After some success at his first tournament, Clemins stepped it up a notch. He signed up for his first indoor event, whereupon he swiftly realized he was perhaps not as suitably equipped as he ought to have been.
“I walked in with this little hunting bow,” he recalls. “And it’s the first time in my life that I saw bars that were longer than 12 inches, magnification … it opened up my eyes to a whole other world of archery.
“And that moment was when I started to feel the nerves. In fact, I actually dry-fired my bow at that event and earned the nickname Dry-Fire through the rest of my high school career.
“We still joke about that to this day. Some of my friends are like, ‘you’re a national Paralympic coach and you dry-fired your bow in high school’ – who could’ve predicted that?”

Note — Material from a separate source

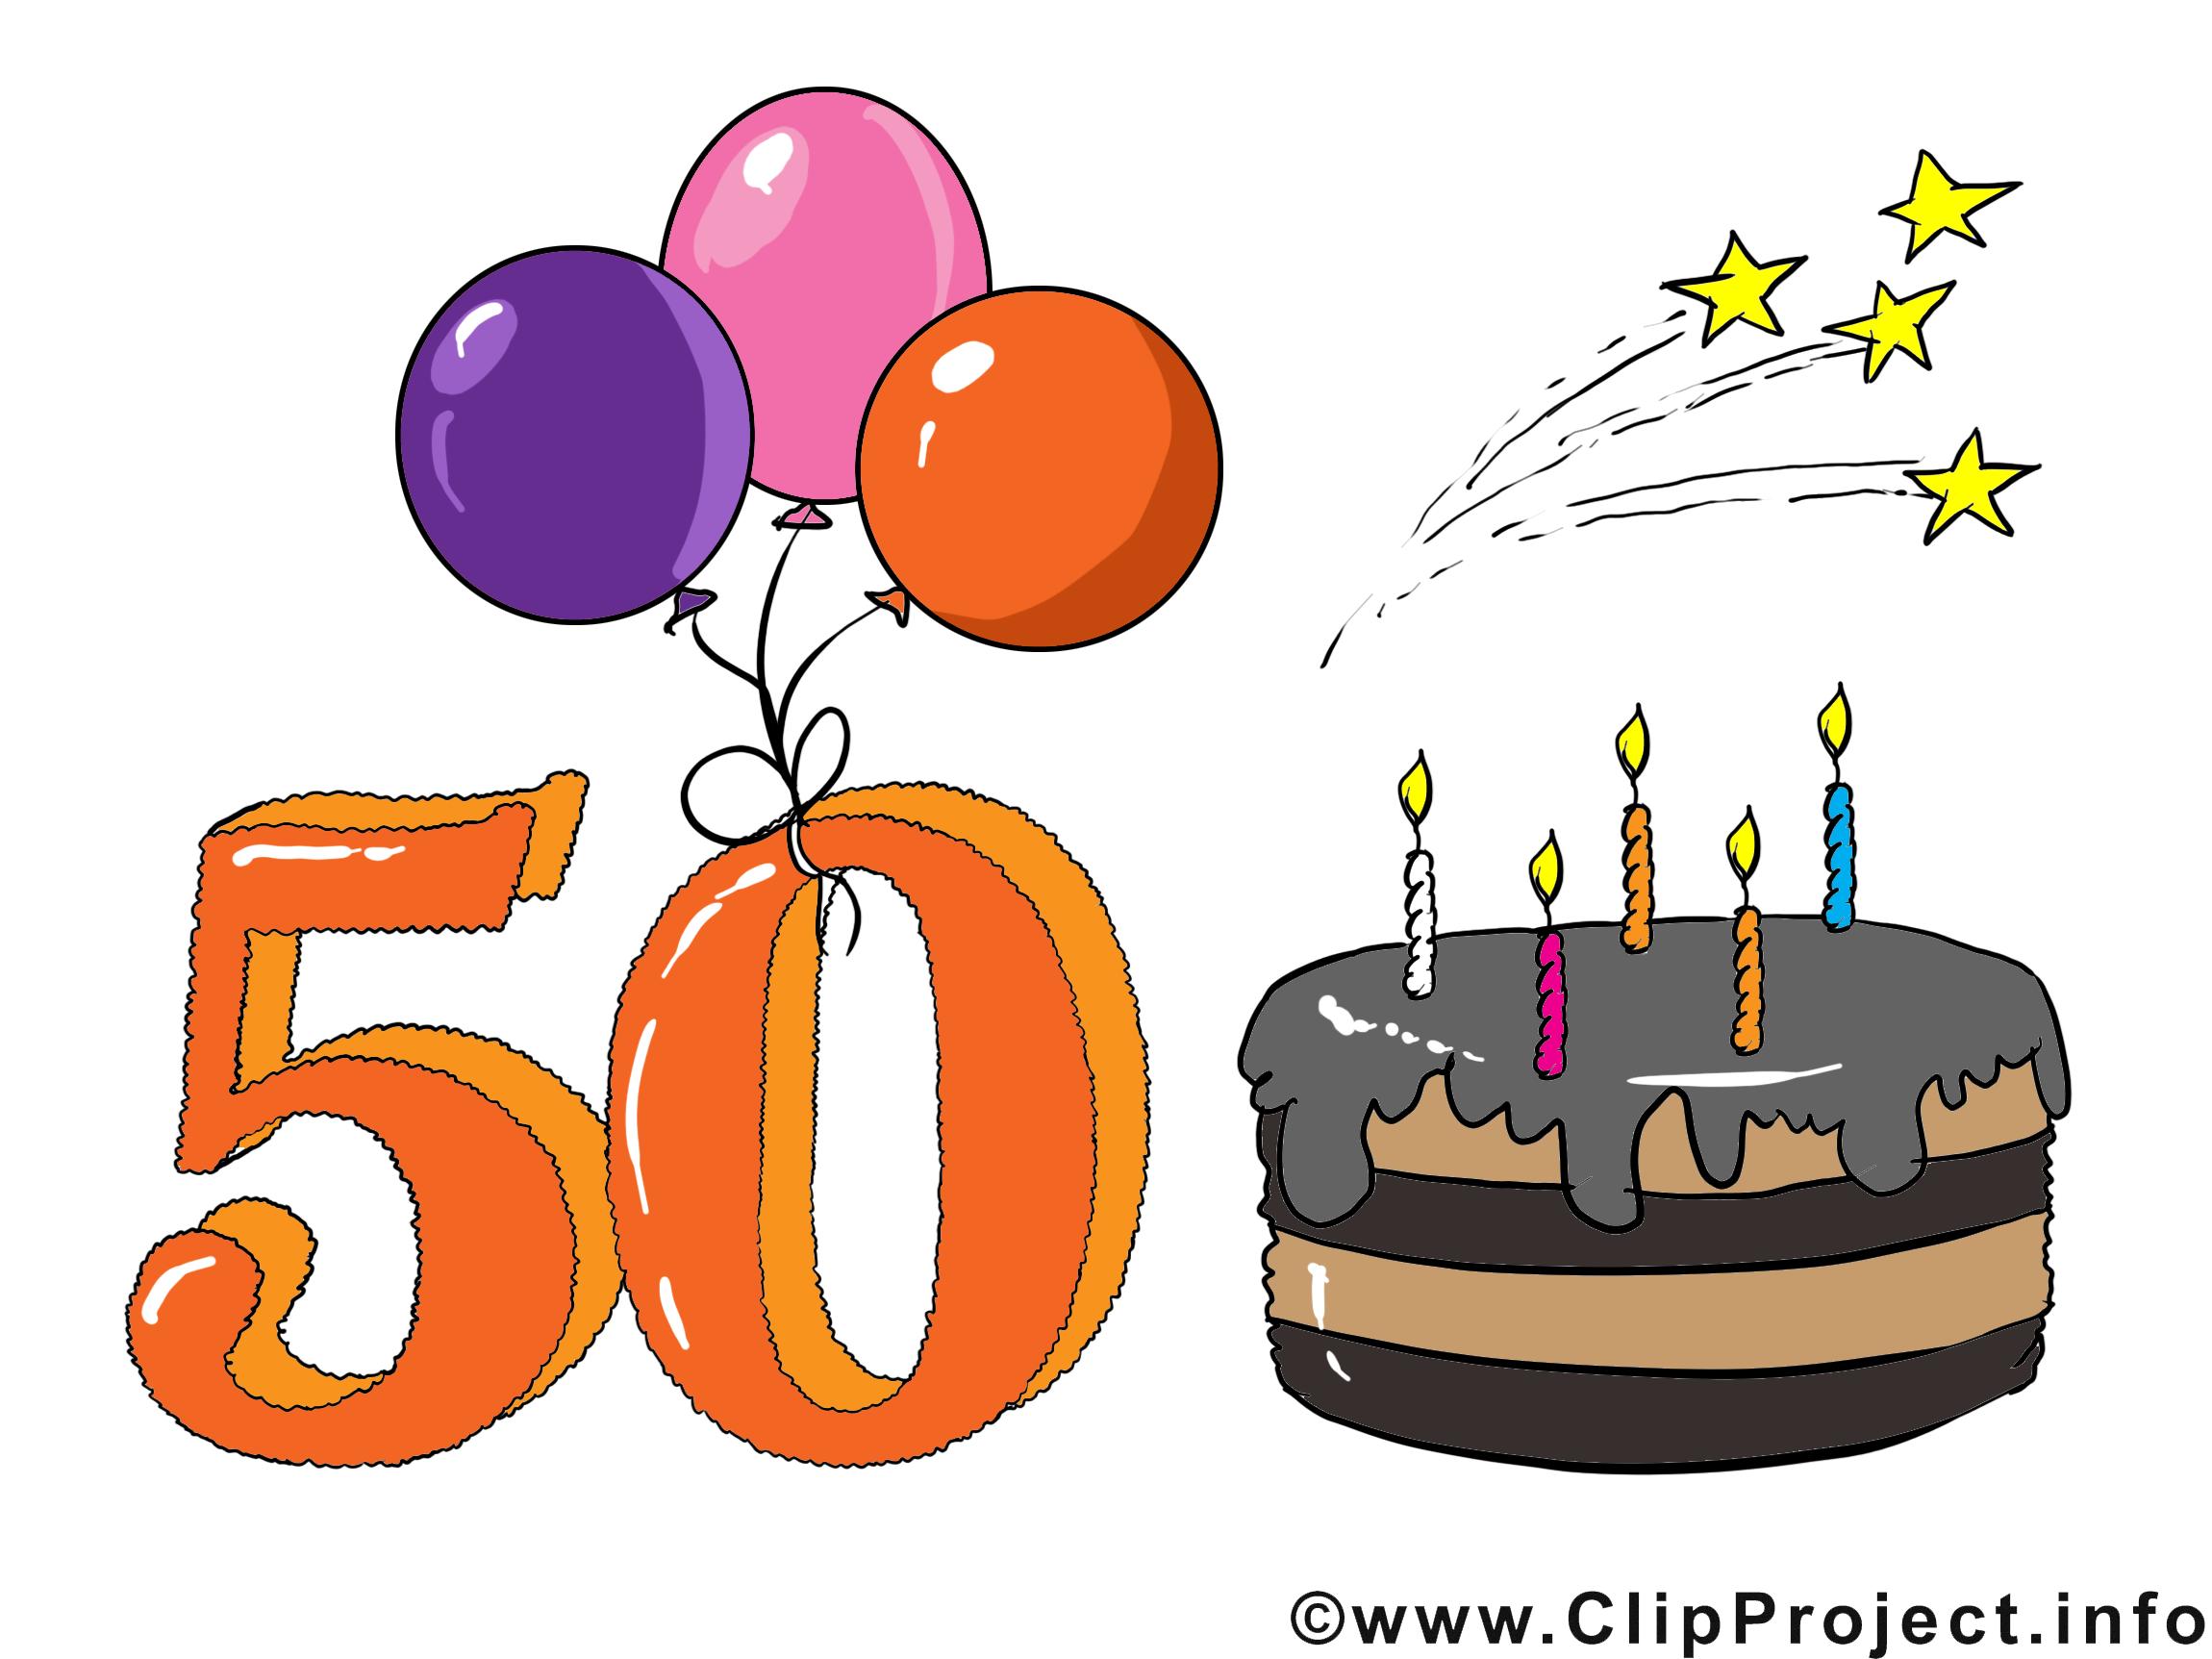 Clipart 50 geburtstag 15 » Clipart Station.

A graduate of Mountain State University in Beckley, WV, with a bachelor’s degree in forensic science, Clemins also holds a master's degree in criminal justice from Marshall University. On top of that, he is a published author, having written about the historic West Virginia Penitentiary at Moundsville.
Growing up, he had his heart set on being in law enforcement but he also admits to archery being ‘his thing’ even before he knew it was a sport.

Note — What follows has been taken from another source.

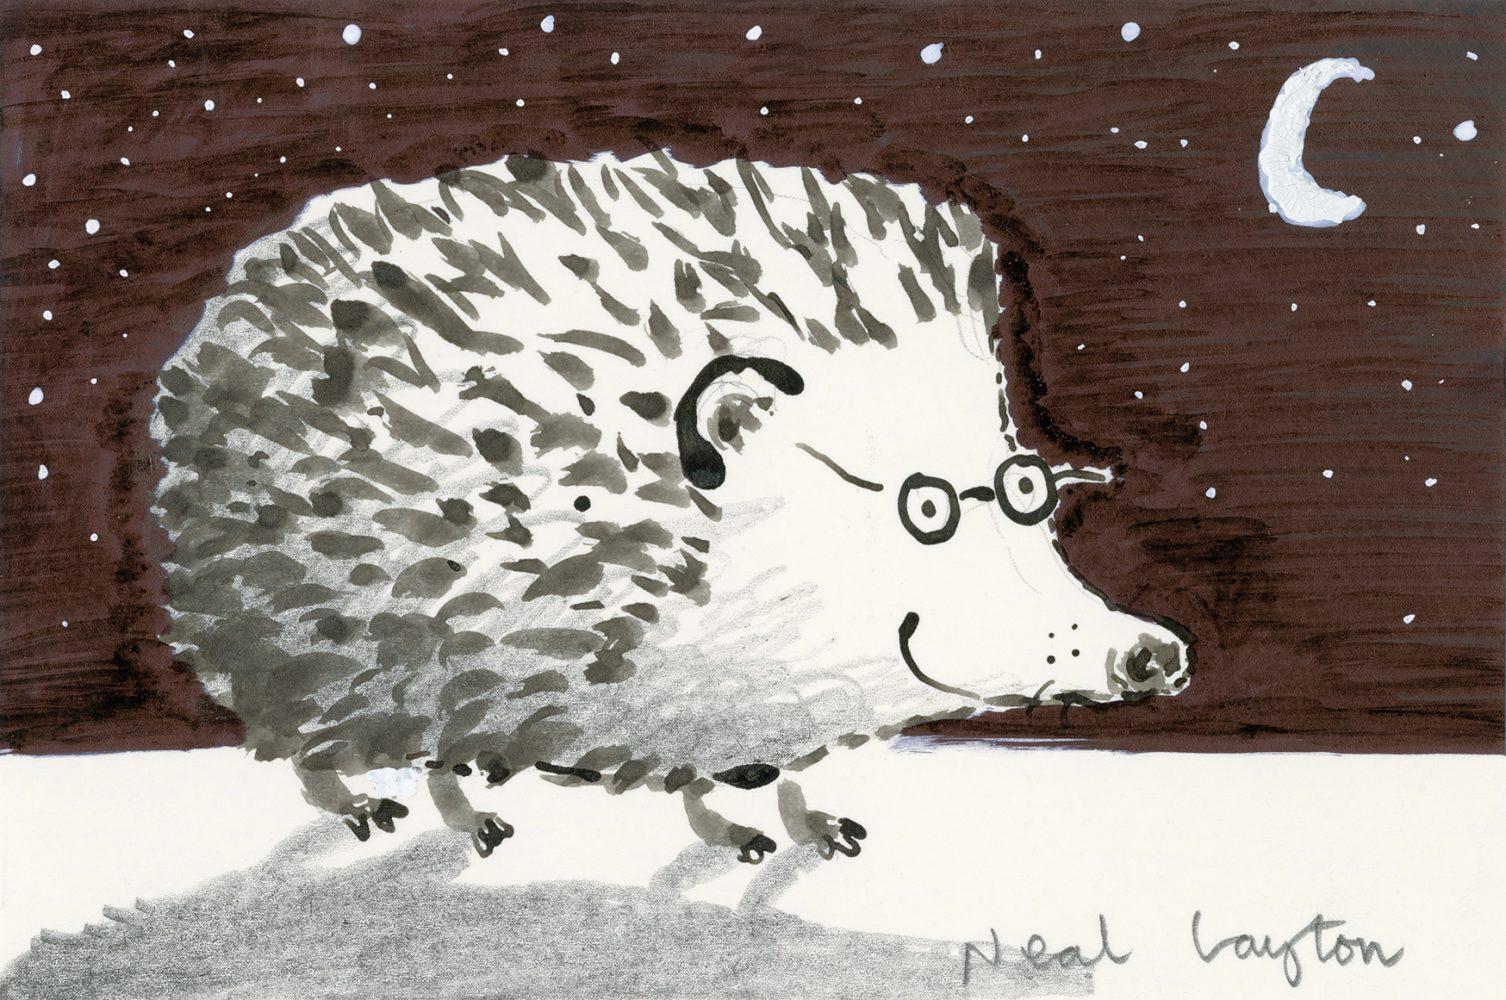 Hedgehog – Neal Layton

Clemins competed as an archer, but he knew that coaching was where he belonged. He was named USA Archery Paralympic Head Coach in January 2023 and, after a spell at the University of Pikeville as assistant coach, has recently taken up the head coach position at Rio Grande.
He was on the line when Lia Coryell claimed the 2022 World Championship in the W1 women division in Dubai, when there was confusion as to whether she had actually won.

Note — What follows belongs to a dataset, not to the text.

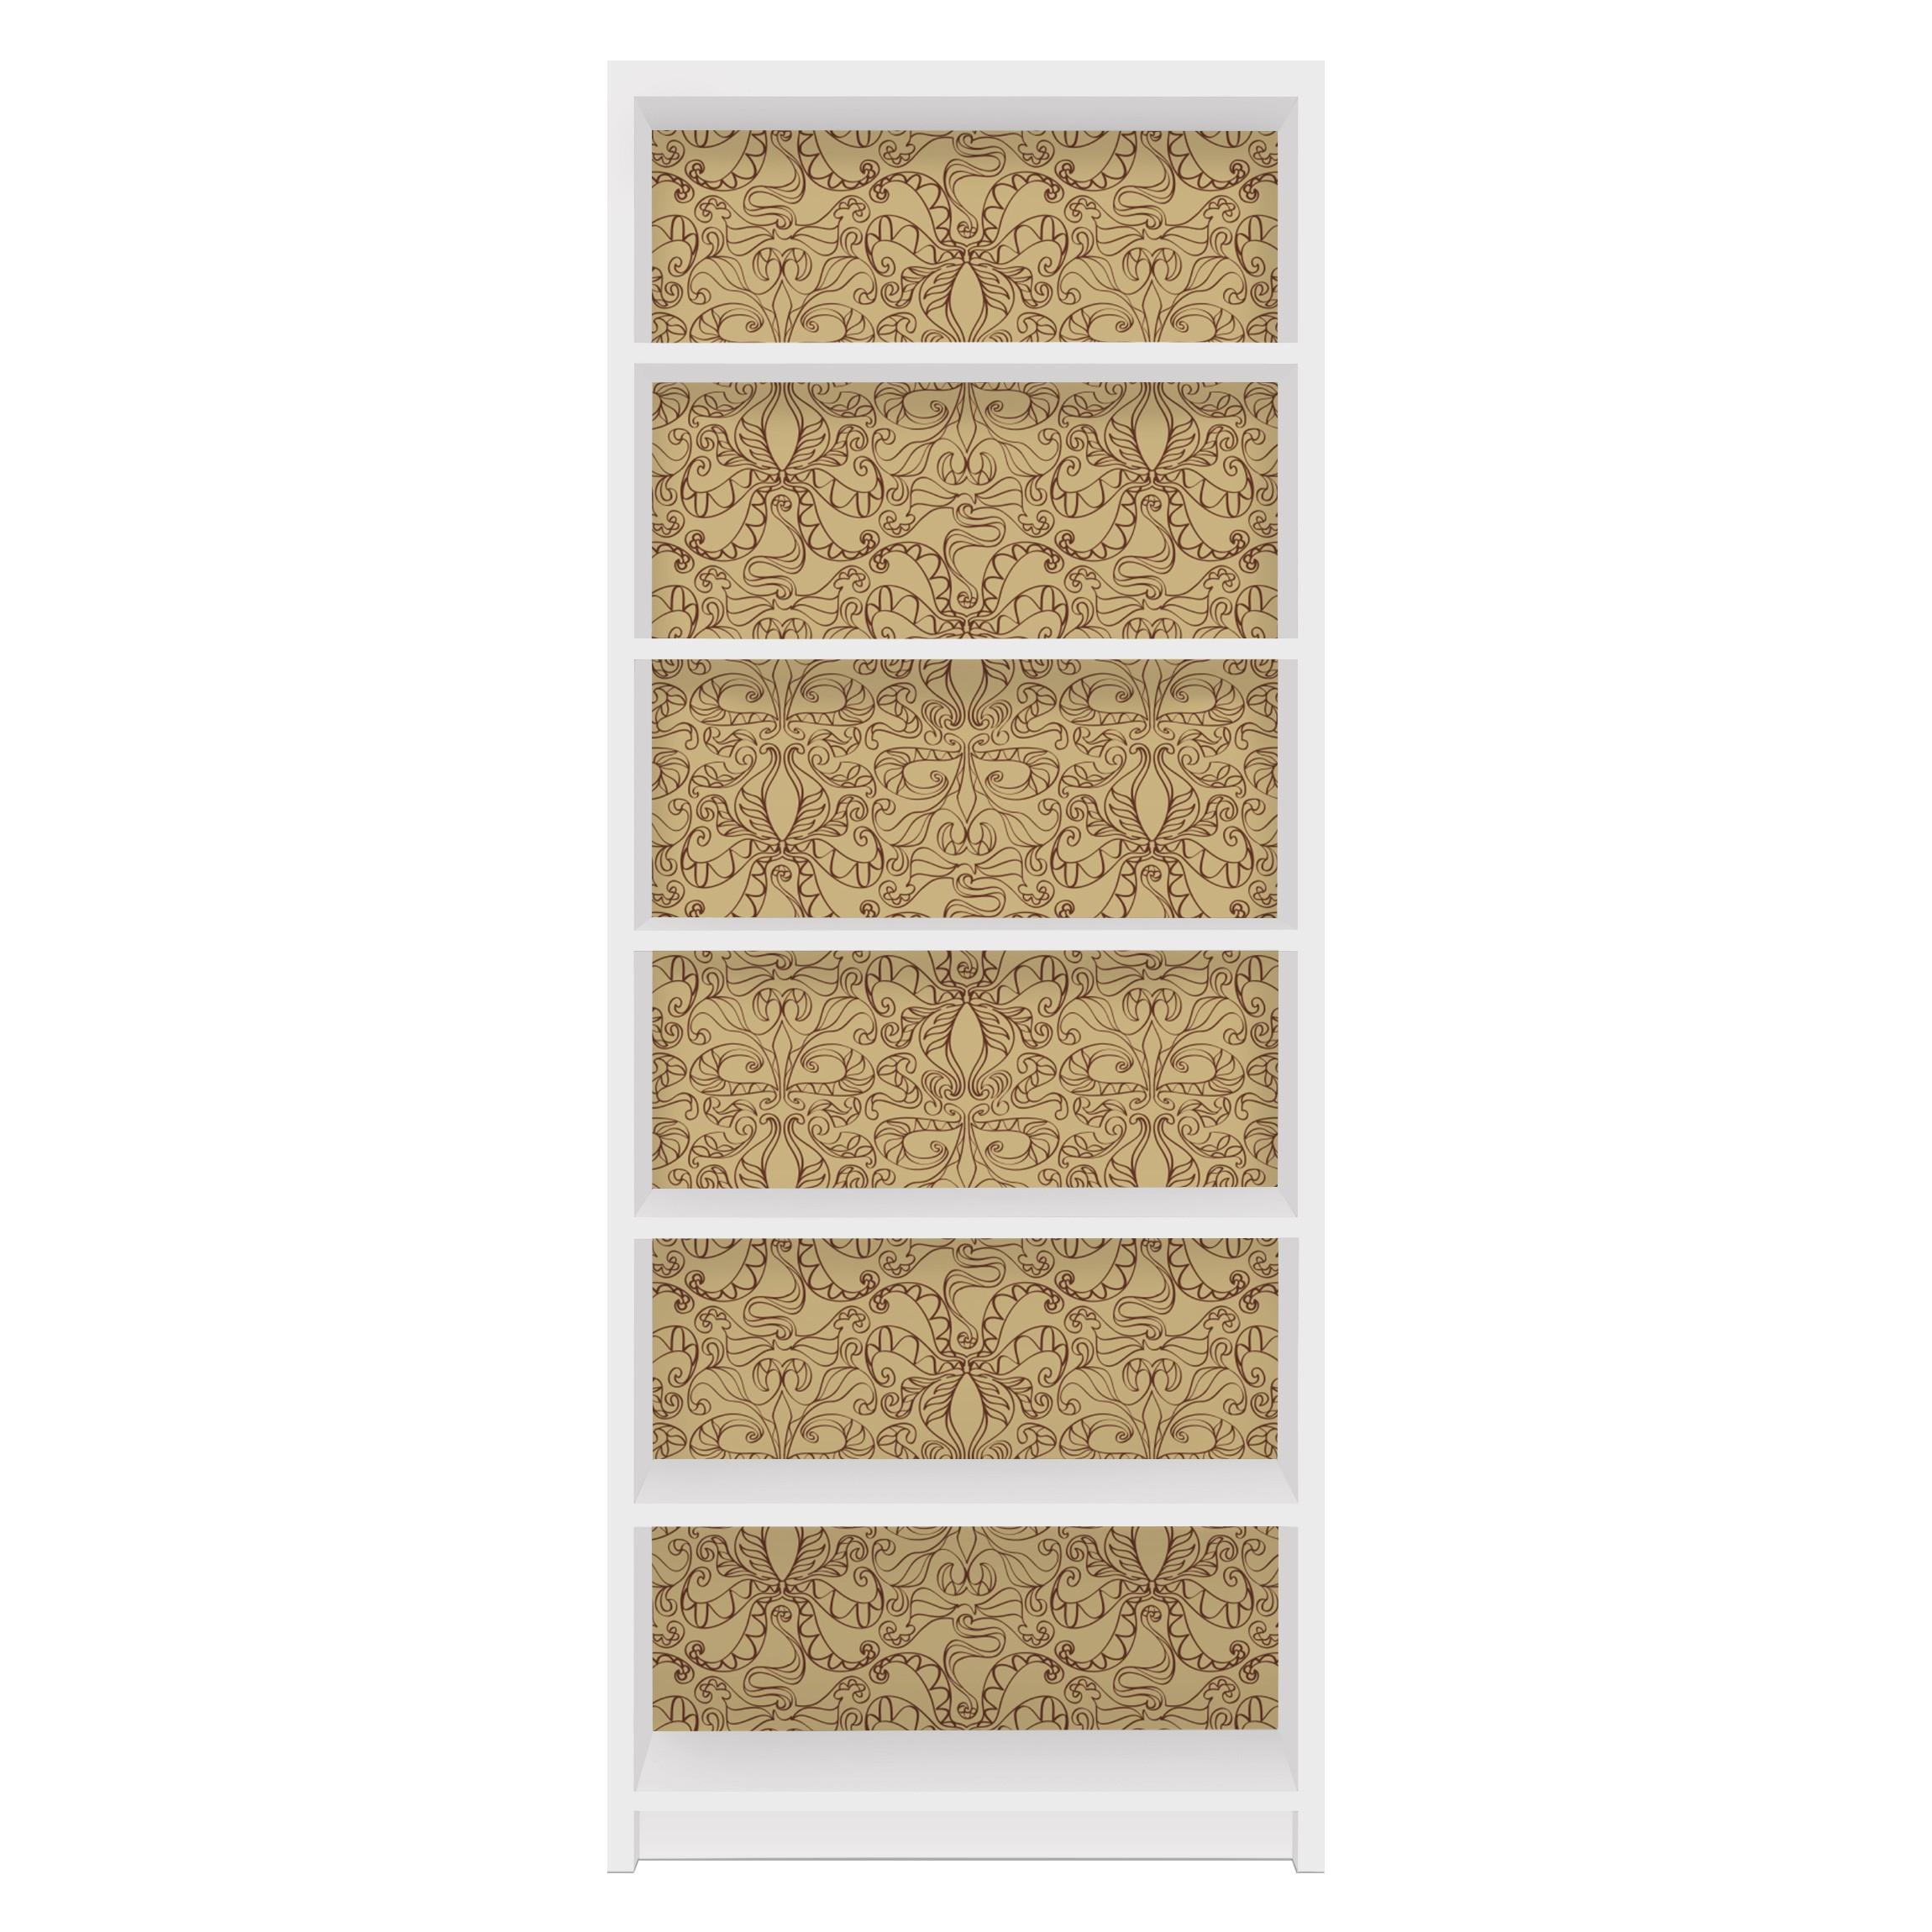 m belfolie f r ikea billy regal klebefolie spirituelles muster beige. Black Bedroom Furniture Sets. Home Design Ideas

Clemins said, “Some of my favorite archery memories were being on the line with Lia in Dubai when she won the World Championship, and she was ready to keep shooting more arrows.
“In fact, she was so ready, that there for a minute I was like ‘wait, did I mess up?’ because by my calculations the match was over, and she was saying, ‘no, we have one more end’. She was so convincing.”
Clemins was leading the team when the USA dominated the 2023 Para Pan American Games in Chile last November, and he will take a talented team to Paris later this year for the 2024 Paralympic Games.
His career as a police officer was to keep the community safe, to protect and serve, while standing in harm’s way each and every day. His role now requires some of the same skills he needed while in an officer’s uniform, only now he wears the uniform of the United States.
“Being a coach is a really special thing,” Clemins said. “Because, essentially, you get a front row seat to the dreams and the hopes and desires of all these other people. And you get the unique opportunity to be that tool and be that avenue to get them to where they want to go, and I don’t take that for granted.”